YES

We show the termination of R/S, where R is

  p(s(x)) -> x
  fac(0) -> s(0)
  fac(s(x)) -> times(s(x),fac(p(s(x))))

and S is:

  rand(x) -> x
  rand(x) -> rand(s(x))

Since R almost dominates S and S is non-duplicating,
it is enough to show finiteness of (P, Q).
Here P consists of the dependency pairs

  fac#(s(x)) -> fac#(p(s(x)))
  fac#(s(x)) -> p#(s(x))

and Q consists of the rules:

  p(s(x)) -> x
  fac(0) -> s(0)
  fac(s(x)) -> times(s(x),fac(p(s(x))))
  rand(x) -> x
  rand(x) -> rand(s(x))

The weakly monotone algebra (N^3, >_lex) with

  fac#_A((x1,y1,z1)) = (1, 0, 0)
  s_A((x1,y1,z1)) = (x1, y1, z1 + 1)
  p_A((x1,y1,z1)) = (x1, y1 + 1, 2)
  p#_A((x1,y1,z1)) = (0, 0, 0)
  fac_A((x1,y1,z1)) = (x1 + 1, 1, 1)
  0_A = (1, 2, 1)
  times_A((x1,y1,z1),(x2,y2,z2)) = (x2, 0, 0)
  rand_A((x1,y1,z1)) = (x1 + 1, y1 + 1, 0)

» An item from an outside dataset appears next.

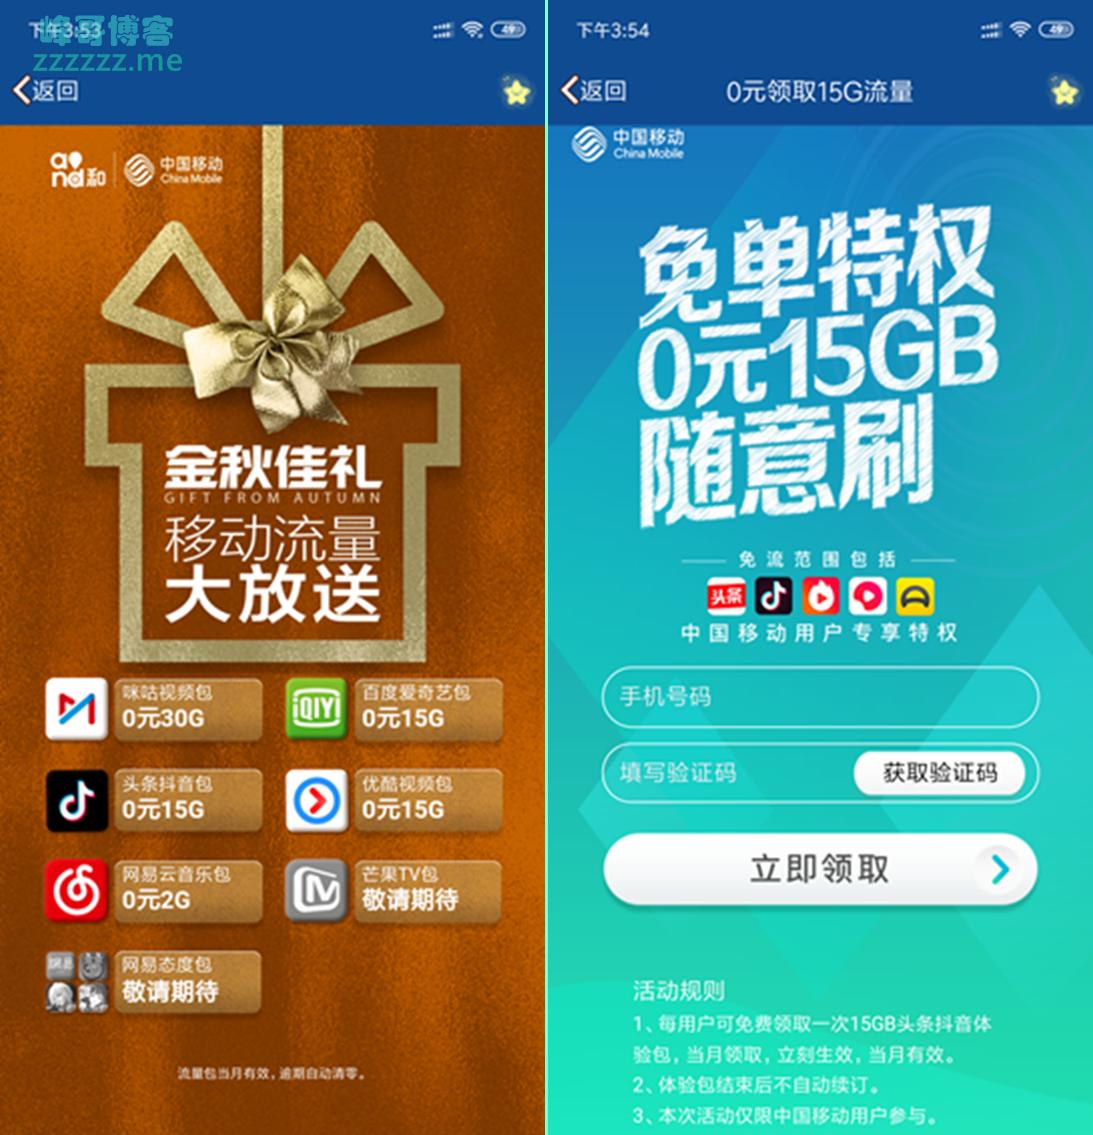 中国移动金秋佳礼流量大放送活动 免费领77GB定向流量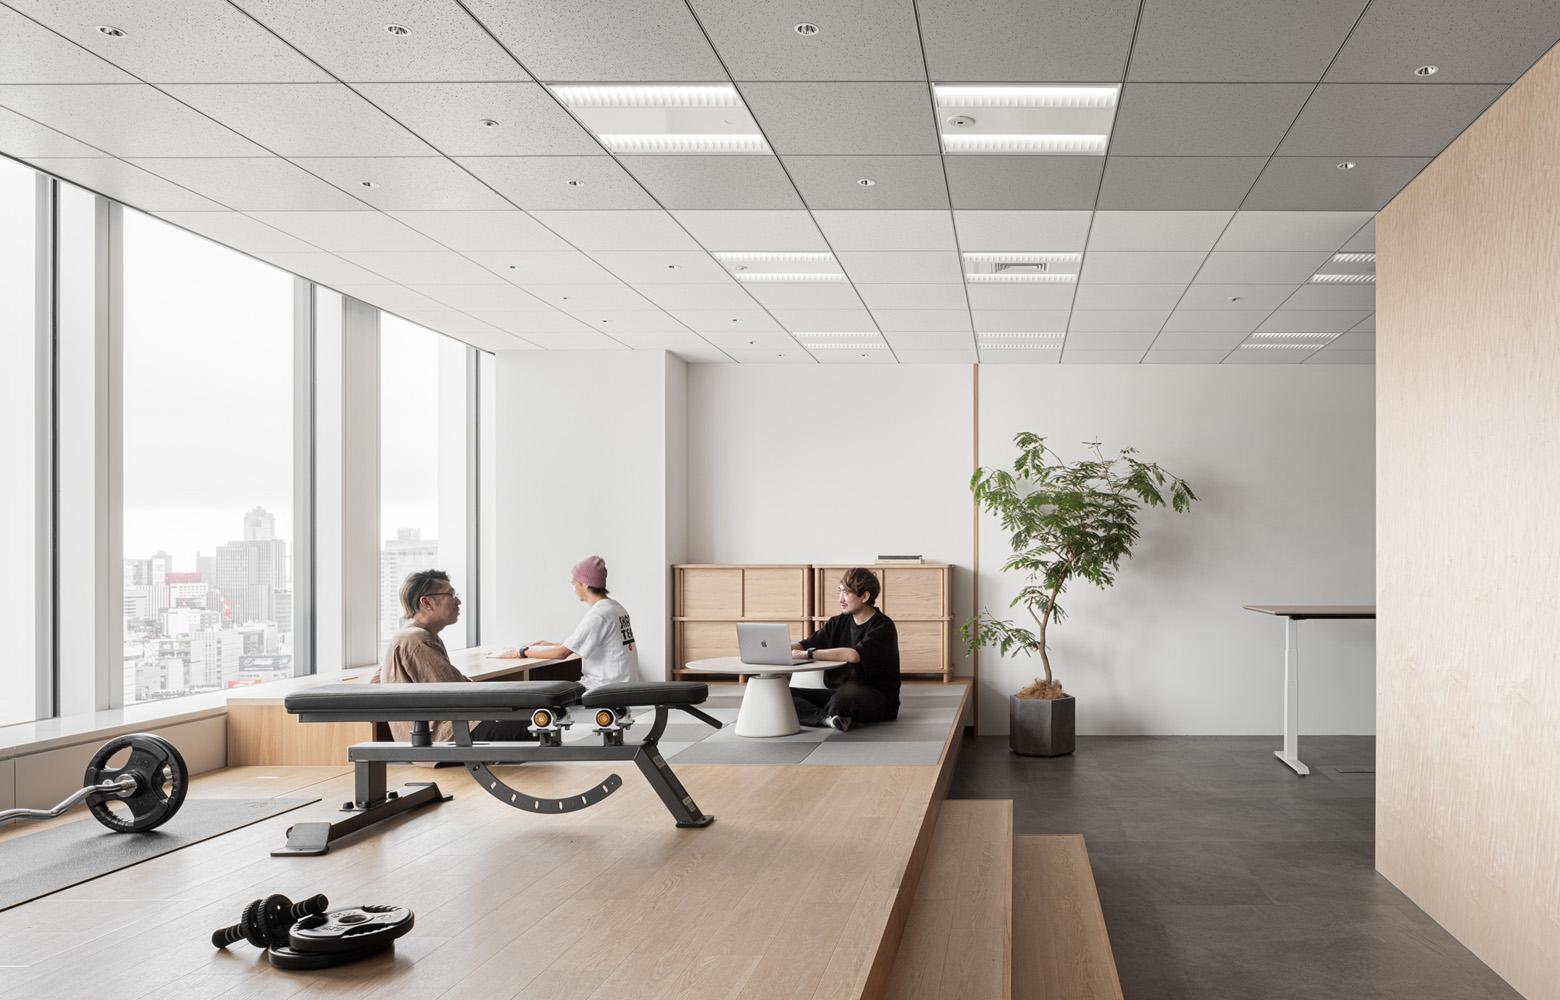 京未来株式会社フリースペース《リフレッシュ・多目的エリア》

strictly orients the following dependency pairs:

  fac#(s(x)) -> p#(s(x))

We remove them from the set of dependency pairs.

The weakly monotone algebra (N^3, >_lex) with

  fac#_A((x1,y1,z1)) = (x1, y1, z1)
  s_A((x1,y1,z1)) = (x1, y1 + 1, 2)
  p_A((x1,y1,z1)) = (x1, y1, 1)
  fac_A((x1,y1,z1)) = (x1 + 1, y1 + 2, 2)
  0_A = (1, 1, 0)
  times_A((x1,y1,z1),(x2,y2,z2)) = (x1, 4, 3)
  rand_A((x1,y1,z1)) = (x1 + 1, 1, 0)

strictly orients the following dependency pairs:

  fac#(s(x)) -> fac#(p(s(x)))

We remove them from the set of dependency pairs.

No dependency pair remains.